Tenho sorte. Tomei café com um bom amigo esta quinta-feira. Ele falou-me de uma conhecida em comum, médica, que cuidou bem do seu pai, fazendo-lhe o elogio adicional: "mas ela não era assim só com o meu pai, era assim com toda a gente!". Este elogio não é frequente. Ser bom médico com o "doente recomendado" fica bem, ser bom médico com todos é o indicado pela profissão abraçada. Conheço a minha médica de família desde muito nova, de recém-saída da faculdade. Cuida muito bem de mim. Sei que cuidará muito bem de toda a sua lista de utentes. E presencialmente se necessário.
Os Cuidados Primários vivem hoje em Portugal uma crise única e que não está em vias de solução. Muito do que vou escrever escrevo-o assumindo que se me enganar serei corrigido.

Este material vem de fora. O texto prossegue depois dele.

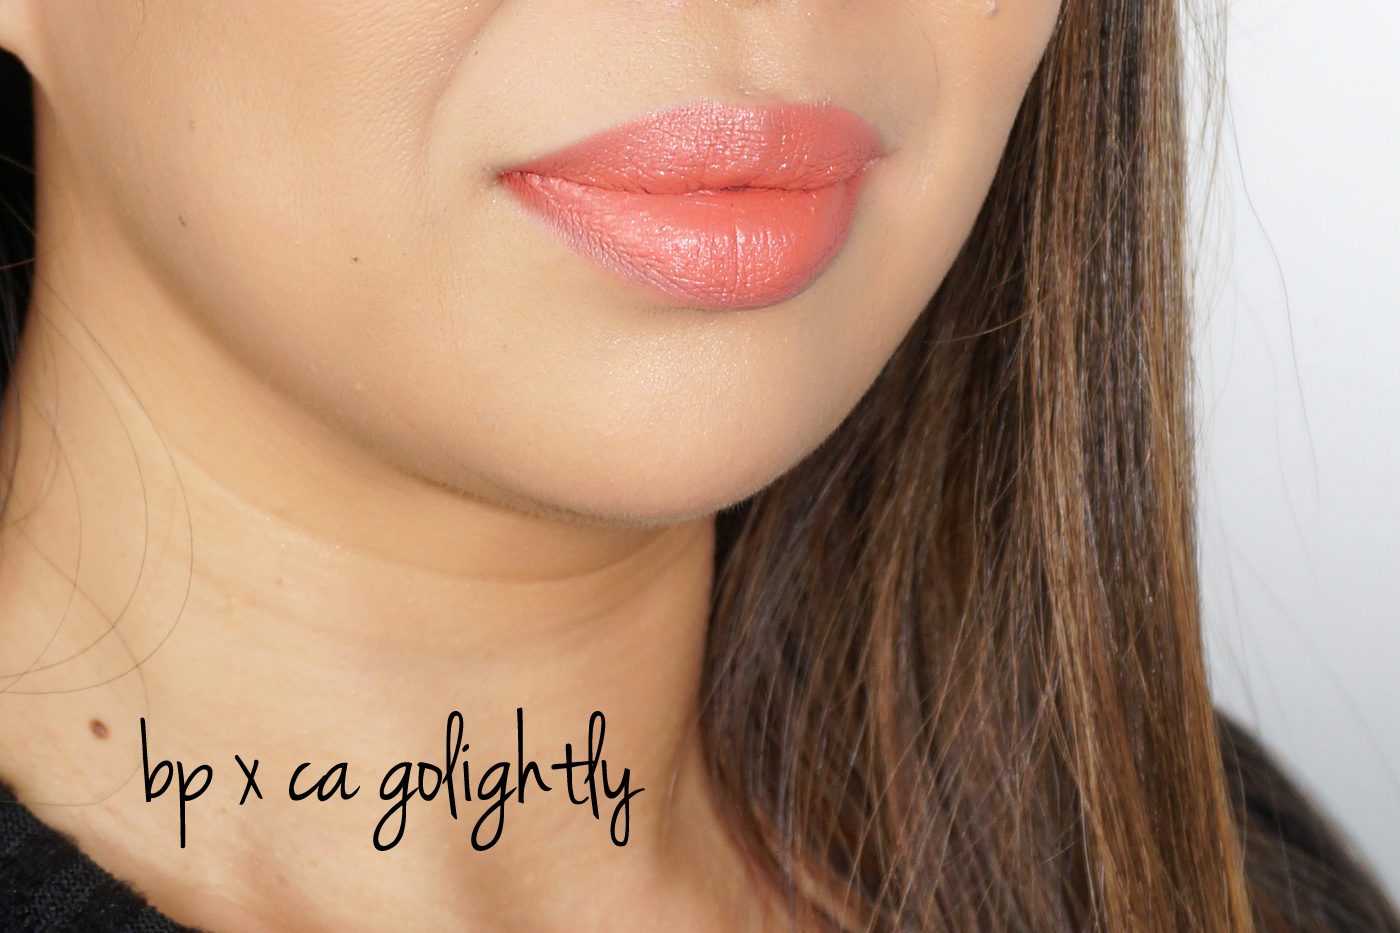 Christian Audette x Beauty Professor Lipstick in Golightly review

O grosso do seguimento dos doentes Covid está entregue aos médicos dos Centros de Saúde. A plataforma Trace-Covid obrigará ao contacto diário com os doente Covid bem como com os contactos em isolamento. Hoje há pouco mais de 30000 casos activos, que se adicionarmos os doentes em isolamento, para os aprox 600 Centros de Saúde, implicará aprox. 100 chamadas telefónicas por Centro de Saúde por dia. Nos tempos áureos de Janeiro terão sido 400 ou mais chamadas por dia. Isto e os medos de contágio, os distanciamentos, etc., literalmente fecharam grande parte dos Centros de Saúde aos seus utentes habituais. O contacto com estes passou a fazer-se preferencialmente pelos telemóveis ou pelos mails dos sobrinhos, filhos, netos dos utentes. Já perdi a conta aos meus doentes que me dizem - e não tenho razão para não acreditar - que já não vêem o seu Médico de Família há ano e meio. Sim que estes serviços parecem funcionar as mais das vezes bem e rapidamente, mas o contacto presencial, aquilo para que seis anos de curso e outros de formação pos-graduada andaram a preparar os profissionais, afinal perdeu-se algures no meio da bruma de uma pandemia, pelo menos em grande parte dos Centros de Saúde que conheço.
Os Centros de Saúde não são todos iguais. Existem modos de organização e de articulação com os cuidados hospitalares diferentes e também formas de remuneração diferentes. Isto é confuso. O número de utentes por médico de família subiu se não me engano há uns dez anos, no tempo da troika. Se afinal podemos controlar muitos destes utentes via mail ou telefonema não percebo como nos poderemos opor a uma subida adicional da lista de utentes por médico de Centro de Saúde, ainda mais quando a tutela - nomeadamente o Ministro do Ensino Superior, Manuel Heitor - tem tão alta opinião sobre o que é preciso para se trabalhar num Centro de Saúde, Médico especialista de Medicina Geral e Familiar ou outra coisa qualquer... ou seja a disseminação do modelo USF tipo B com maiores vencimentos afinal pode-se atrasar, é só fornecer um telemóvel extra e alargar a banda da net e está a coisa resolvida.